Question

Line L₁ is parallel to the line L₂. Slope of L₁ is 9. Also L₃ is parallel to L₄. Slope of L₄ is $\frac{-1}{25}$. All these lines touch the ellipse $\frac{x^2}{25} + \frac{y^2}{9} = 1$. Find the area of the parallelogram formed by these lines.

Answer 1

60

Answer 2

The ellipse equation is $\frac{x^2}{25} + \frac{y^2}{9} = 1$, with $a^2 = 25$ and $b^2 = 9$. The general equation of a tangent to the ellipse with slope $m$ is $y = mx \pm \sqrt{a^2m^2 + b^2}$.

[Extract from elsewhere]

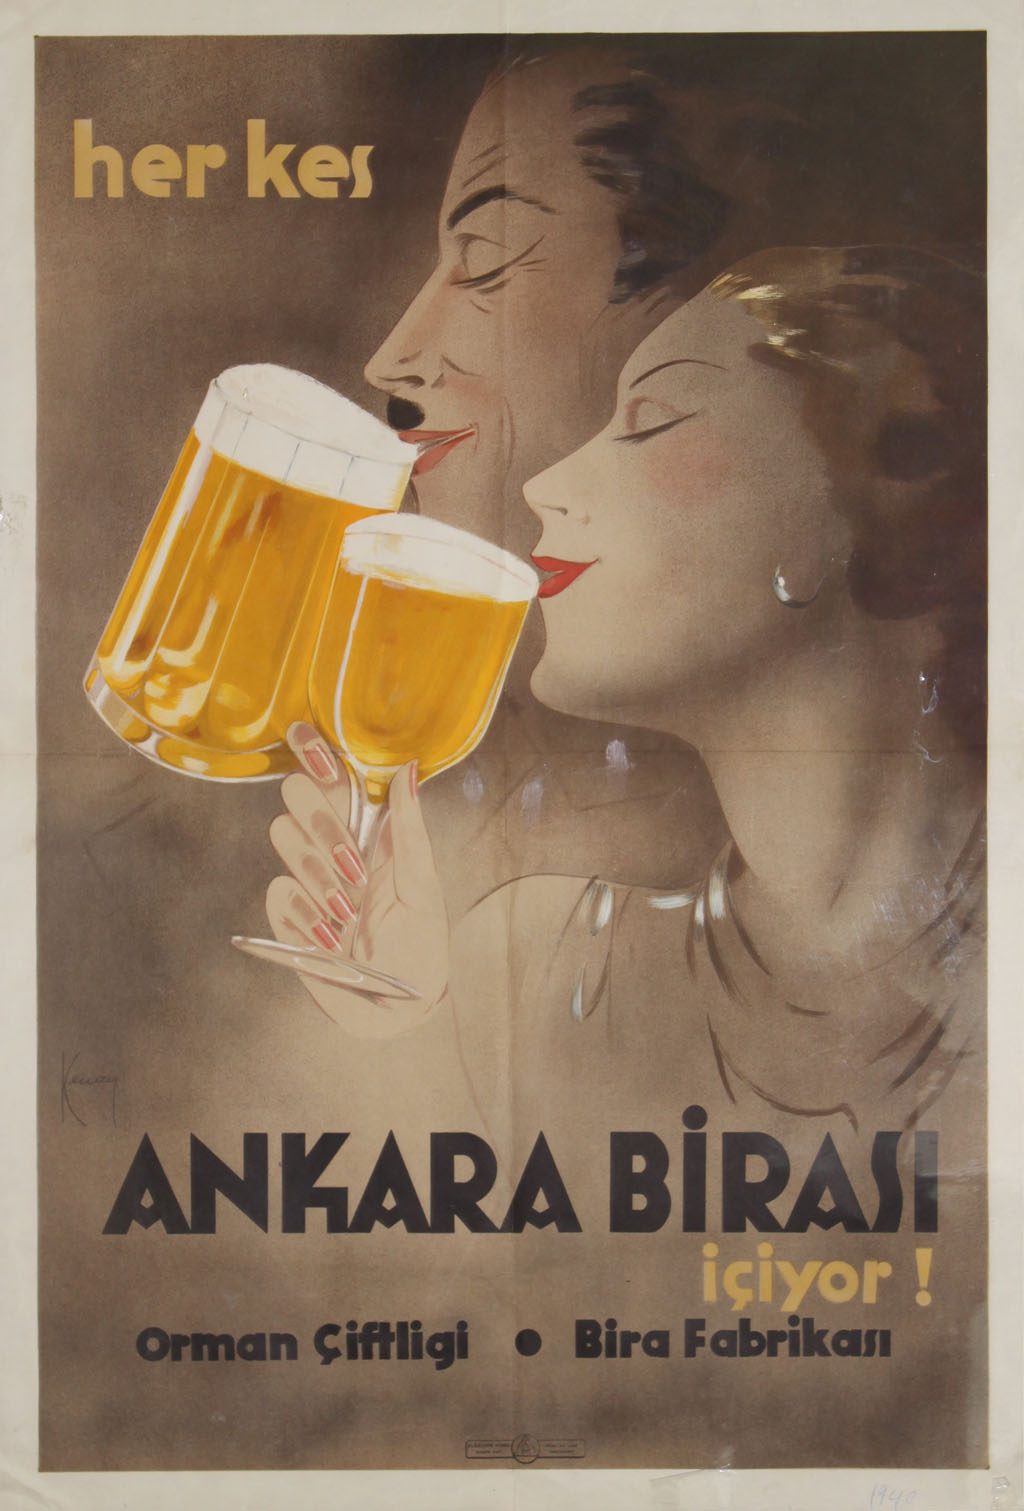 Ankara Birası reklam afişi, 1930'lar.

For the first pair of parallel lines with slope $m_1 = 9$: $y = 9x \pm \sqrt{25(9)^2 + 9} = 9x \pm \sqrt{2025 + 9} = 9x \pm \sqrt{2034}$. These lines can be written as $9x - y \pm \sqrt{2034} = 0$. Let $C_1 = \sqrt{2034}$ and $C_2 = -\sqrt{2034}$. Then $C_1 - C_2 = 2\sqrt{2034}$.

For the second pair of parallel lines with slope $m_2 = -\frac{1}{25}$: $y = -\frac{1}{25}x \pm \sqrt{25\left(-\frac{1}{25}\right)^2 + 9} = -\frac{1}{25}x \pm \sqrt{\frac{1}{25} + 9} = -\frac{1}{25}x \pm \sqrt{\frac{226}{25}} = -\frac{1}{25}x \pm \frac{\sqrt{226}}{5}$. Multiplying by 25, we get $25y = -x \pm 5\sqrt{226}$, which can be written as $x + 25y \mp 5\sqrt{226} = 0$. Let $C_3 = 5\sqrt{226}$ and $C_4 = -5\sqrt{226}$. Then $C_3 - C_4 = 10\sqrt{226}$.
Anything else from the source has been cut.